--- Work to complete ---
Exact copy, no pictures: output each line below as it stands.

--- Material provided ---
[Start of Attachment]
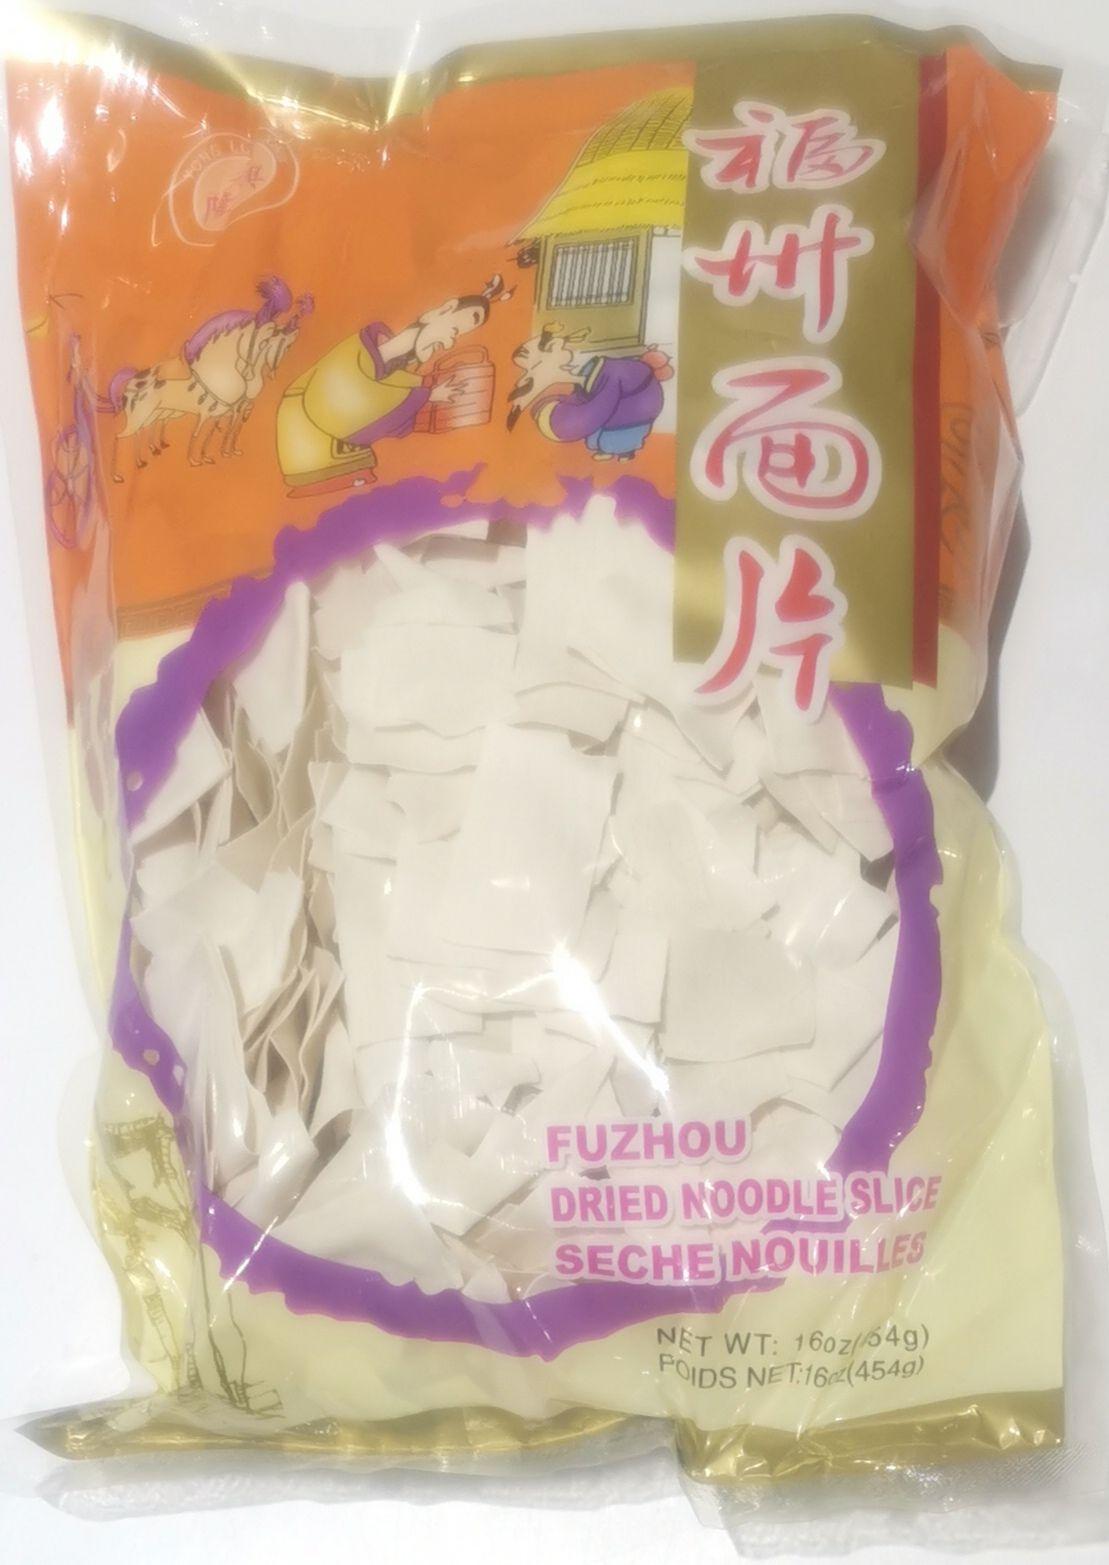 yong-long-xing-fu-zhou-dried-noodle-slice
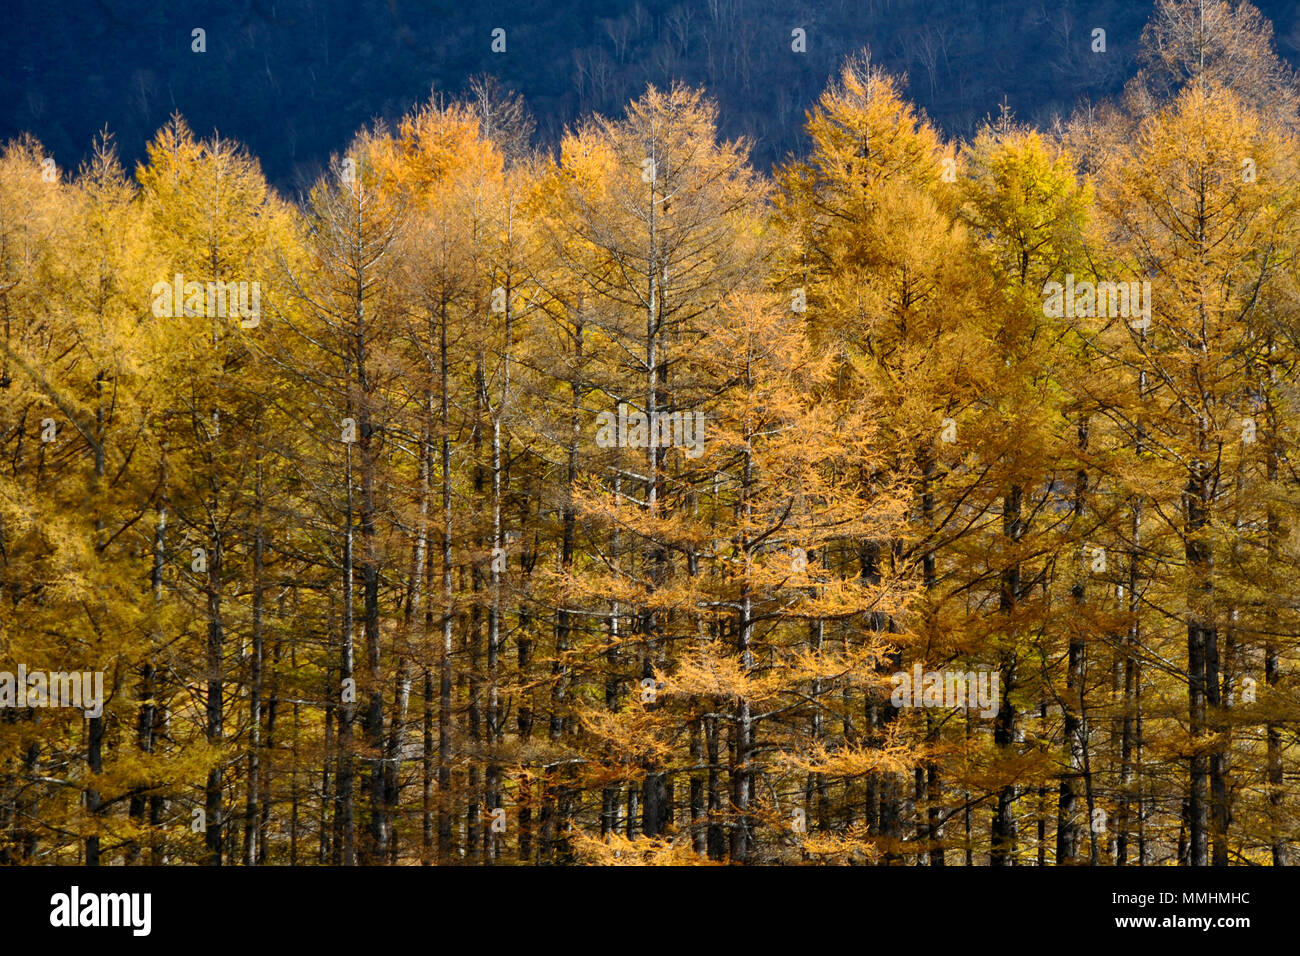 Le feuillage des arbres déciduale près du Lac Chuzenji, Nikko, Japon Banque D'Images
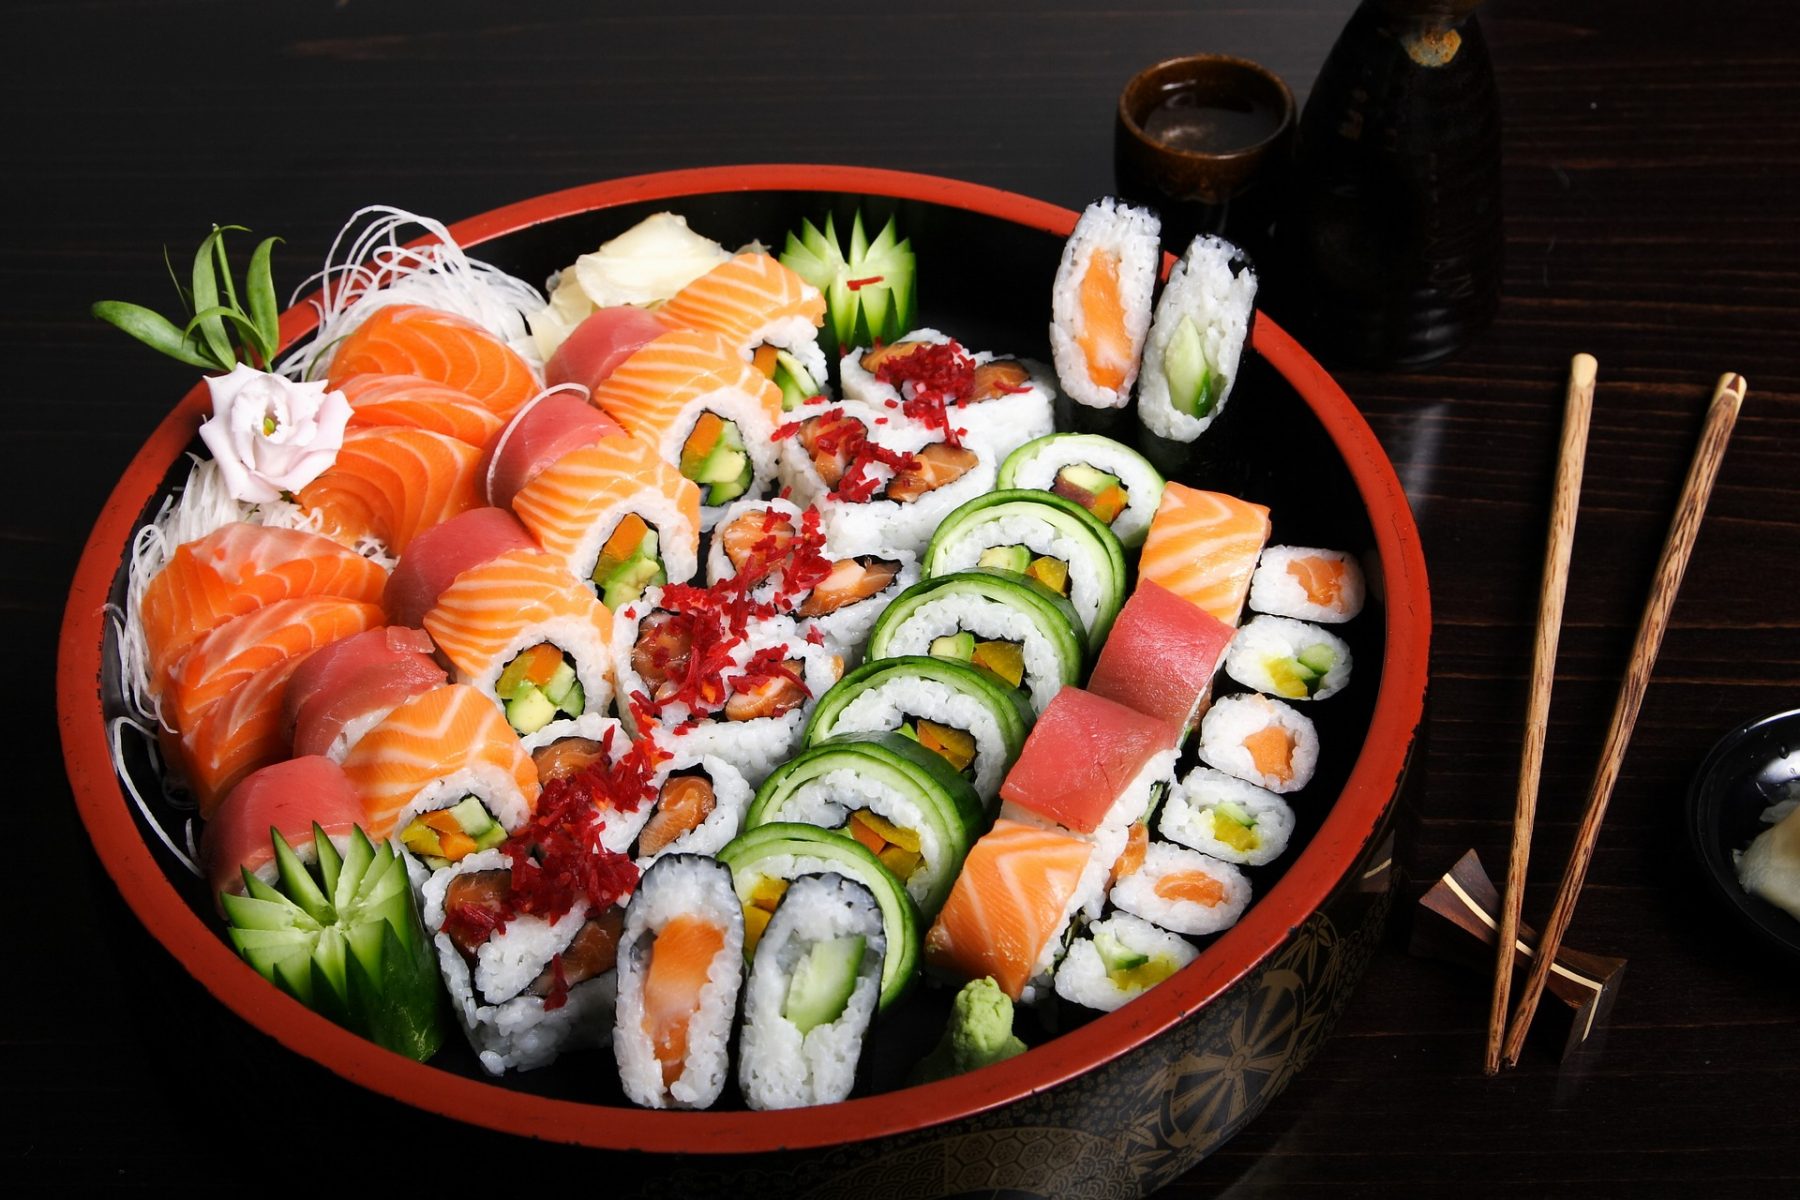 Σούσι διατροφικά οφέλη: Πώς μπορεί να βοηθήσει το sushi την υγεία μας;
[End of Attachment]
--- Answer below ---
 yong-long-xing-fu-zhou-dried-noodle-slice
 Le feuillage des arbres déciduale près du Lac Chuzenji, Nikko, Japon Banque D'Images
 Σούσι διατροφικά οφέλη: Πώς μπορεί να βοηθήσει το sushi την υγεία μας;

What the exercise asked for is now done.